Biography
I completed the BA in History of Art at King's College, Cambridge (graduated 2015), and stayed to complete the MPhil in History of Art and Architecture (2016). My MPhil thesis looked at aspects of French Gothic portal sculpture, particularly depictions of clouds and vapour, which were considered by scholastic thinkers to be halfway between spirit and matter, often serving as a visual liaison between corporeal and immaterial elements of complex sculptural programmes.
My PhD research investigated broader questions of perspective and pictorial space in fifteenth-century sculpture, focussing on English and Netherlandish examples. The Norwich Cathedral cloister bosses formed the central case study for this project. The thesis advanced a phenomenological approach to the study of sculptural space, and incorporated the thought of medieval perspectivist theologians such as Peter of Limoges and Nicholas of Cusa. A chapter summarising the thesis' argument is forthcoming: 'Questions of Sculptural Space: The Later Bosses from Norwich Cathedral Cloister c.1411-1430' in Munz, Niko et. al. (eds.), Perspectives on Early Renaissance Pictorial Space (Brepols, forthcoming).

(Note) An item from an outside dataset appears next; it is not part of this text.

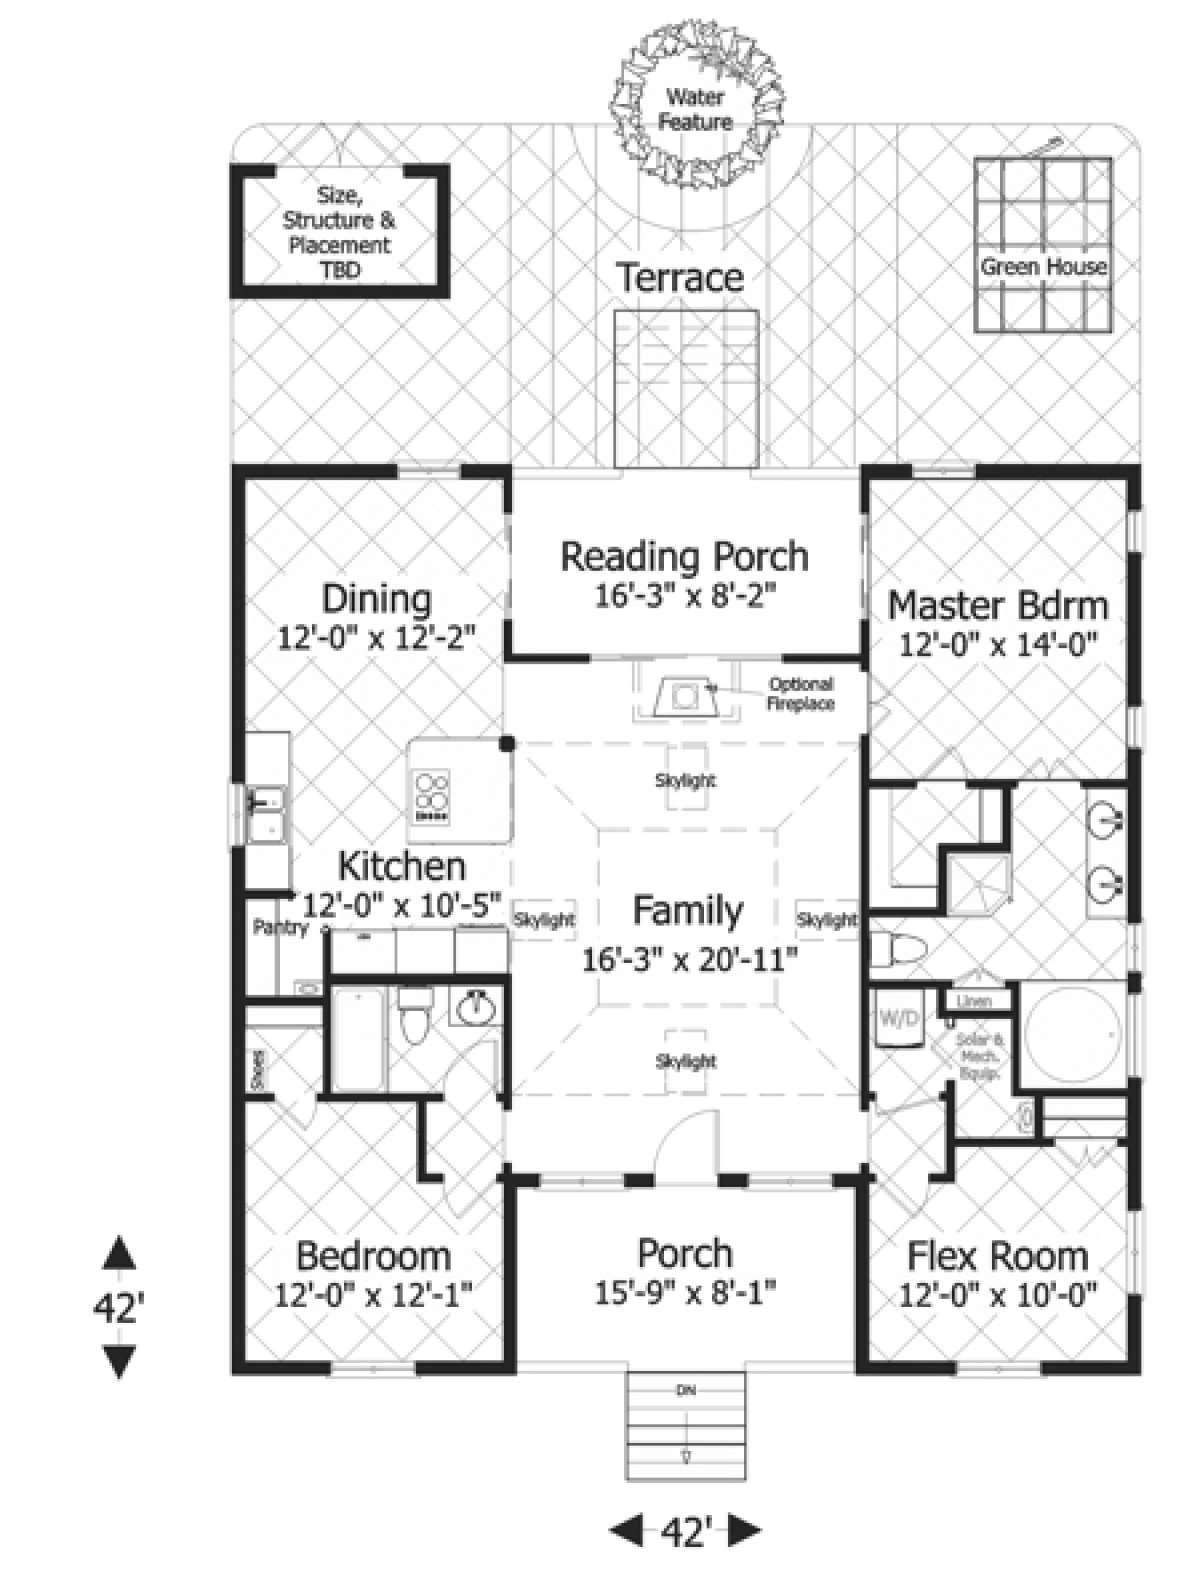 House Plan 036 00177 Bungalow Plan 1 488 Square Feet 3 Bedrooms 2 Bathrooms In 2020 Bungalow Style House Plans House Floor Plans House Plans

Having completed the PhD in 2019, I took the BA in Theology, Religion and Philosophy of Religion, at Jesus College, Cambridge (graduated 2022), while training for ordination in the Church of England at Westcott House.
I continue to write about the places where art and theology meet, contributing reviews and articles to Times Literary Supplement, Art and Christianity, and The London Magazine.